Subham-KRLX · 2026-03-12T11:18:32Z

[...] The root cause was DefaultDataSourceResolver unconditionally injecting a JDBC DataSource bean, which caused an io.quarkus.arc.InactiveBeanException when booting profiles where JDBC is disabled (like NoSQL/Mongo).

Current code in this PR LGTM, however, I still wonder why would DefaultDataSourceResolver be "engaged" in non-JDBC contexts (and subsequently get the InactiveBeanException) 🤔

@Subham-KRLX : Could you explore this a bit more?
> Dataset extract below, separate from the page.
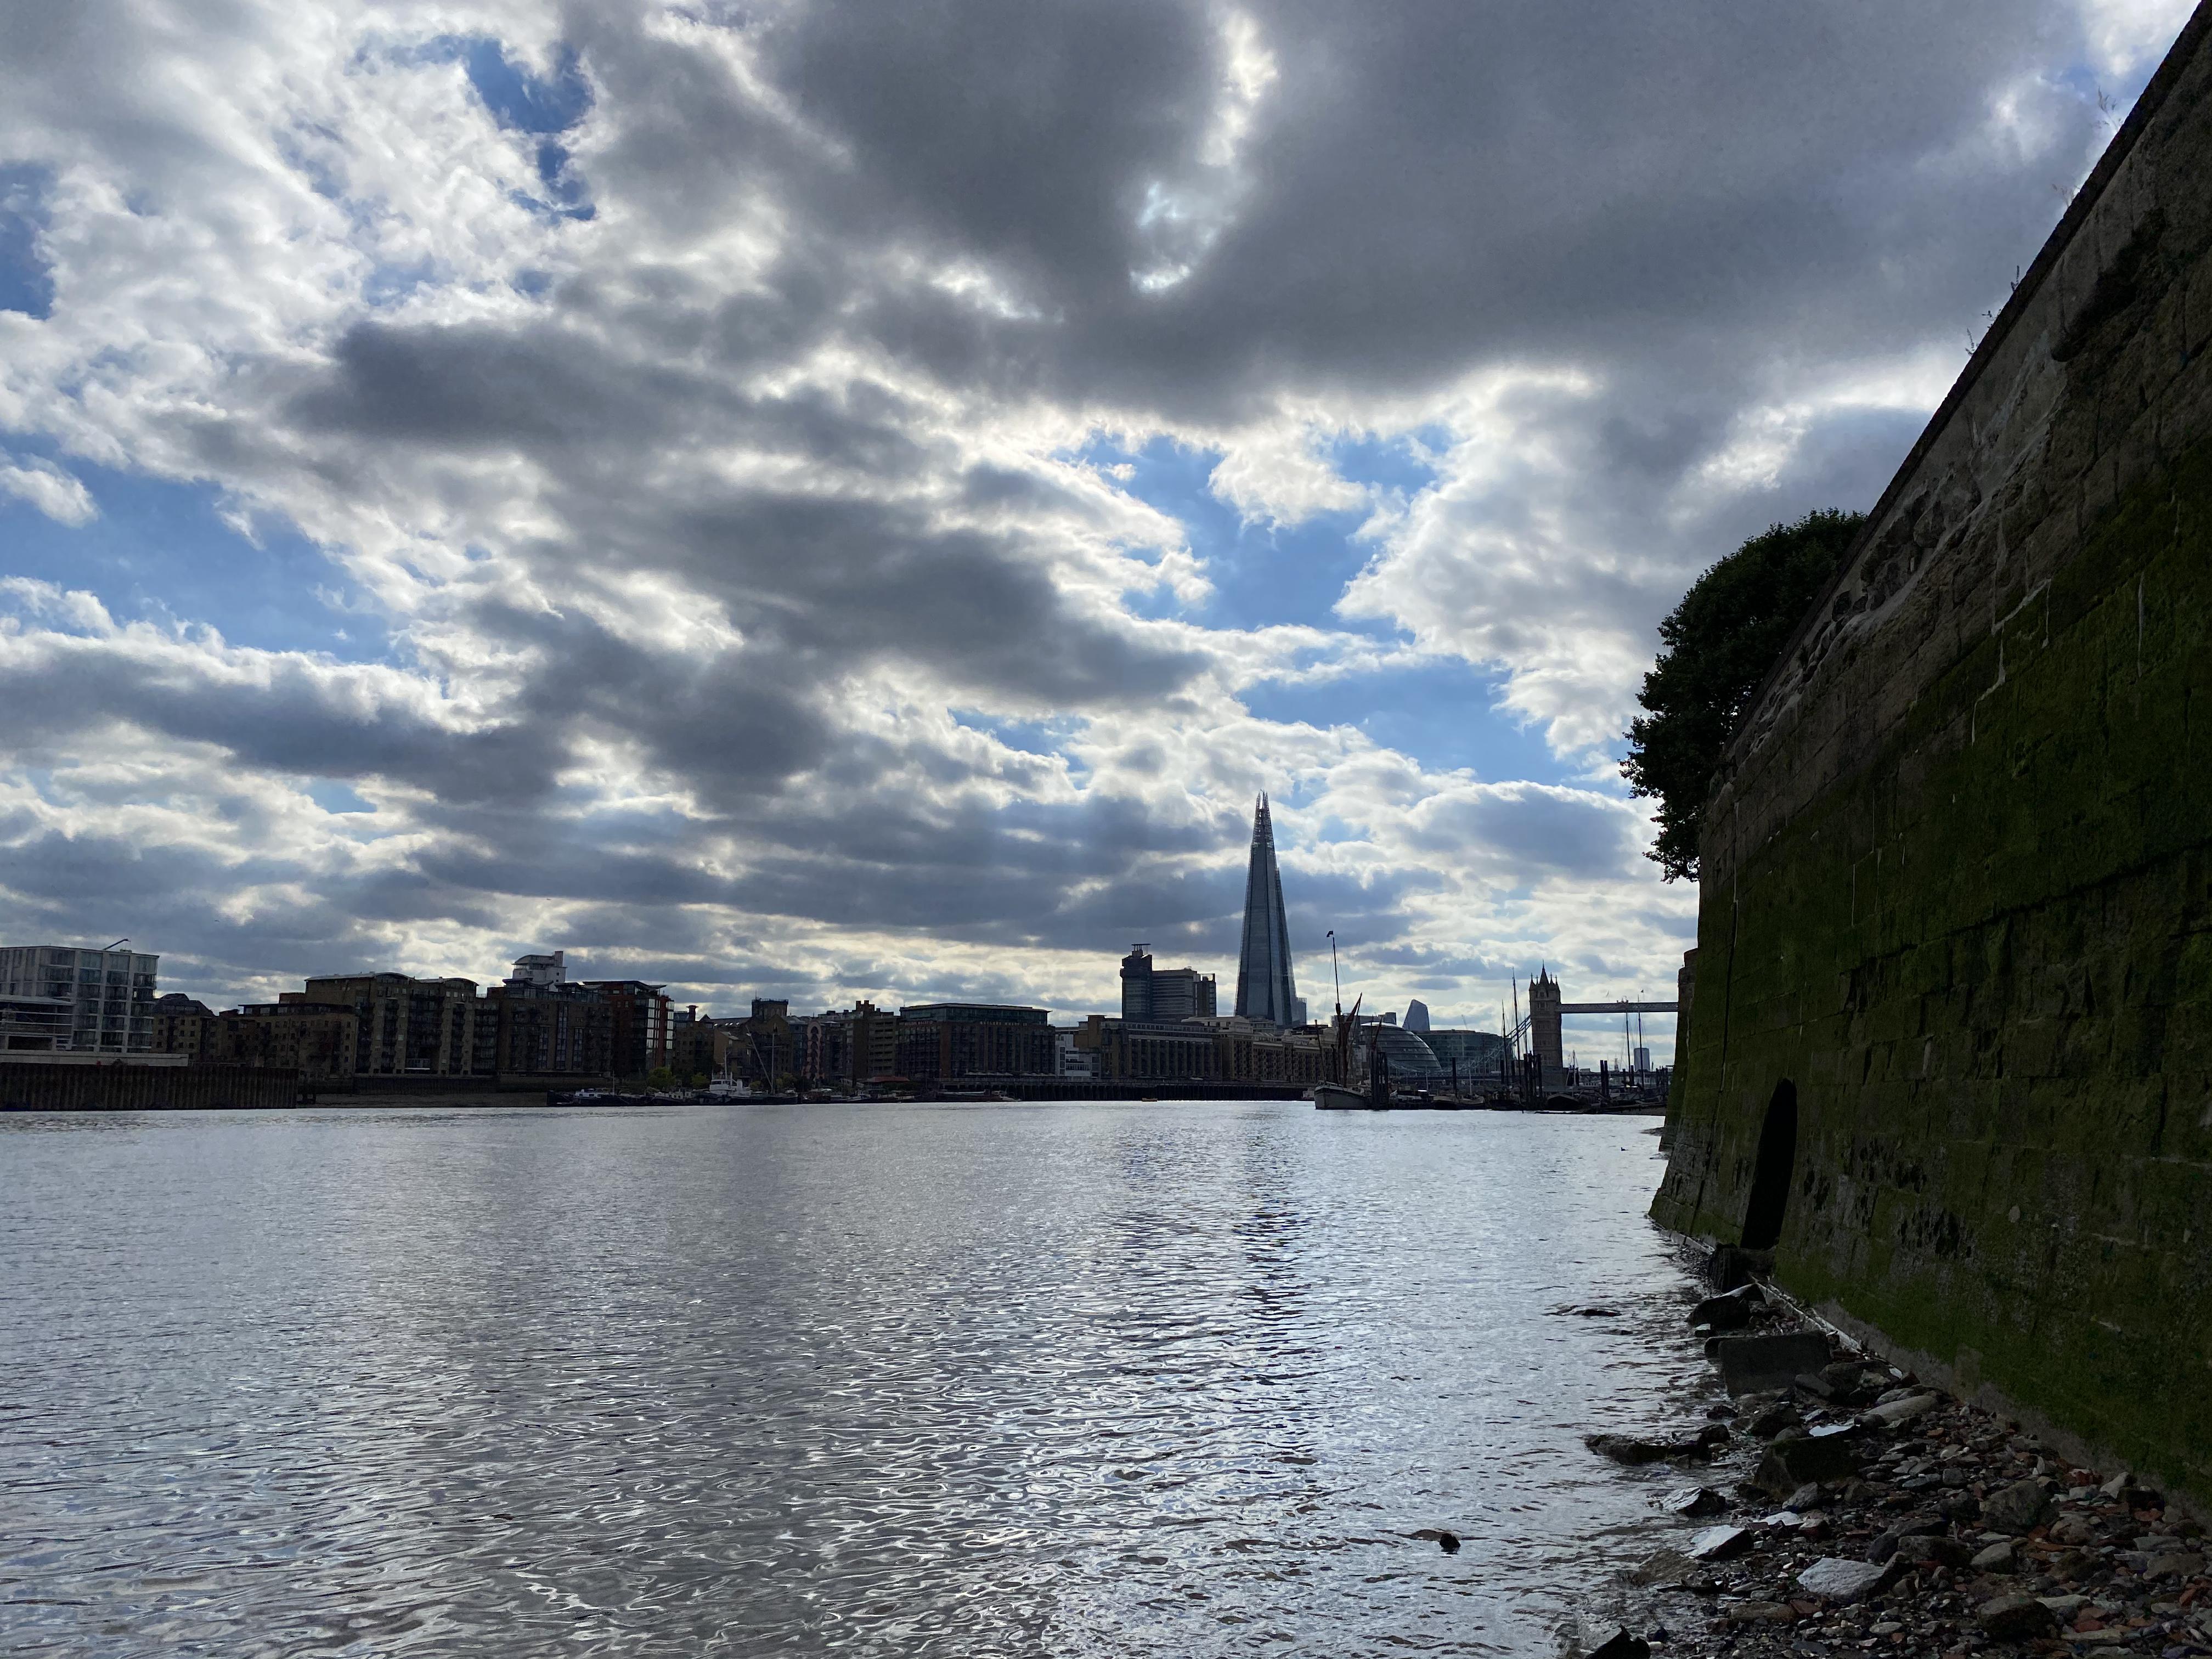 The Secrets of the London Docks

Perhaps DefaultDataSourceResolver may need to be a @Dependent bean rather than @ApplicationScoped 🤔

Hi @dimas-b the root issue is Quarkus ArC's eager boot-time validation.Since DefaultDataSourceResolver
is in runtime-common, it’s always discovered during boot (even in NoSQL profiles). The Quarkus JDBC extension disables the DataSource bean when JDBC is off.
A direct @Inject DataSource causes Quarkus to throw an InactiveBeanException immediately at boot because the required injection point cannot be satisfied. By using @Inject Instance, we make the injection point dynamic/lazy, bypassing the strict upfront validation. (Even if the bean were @dependent, Quarkus ArC still eagerly validates all discovered injection points by default).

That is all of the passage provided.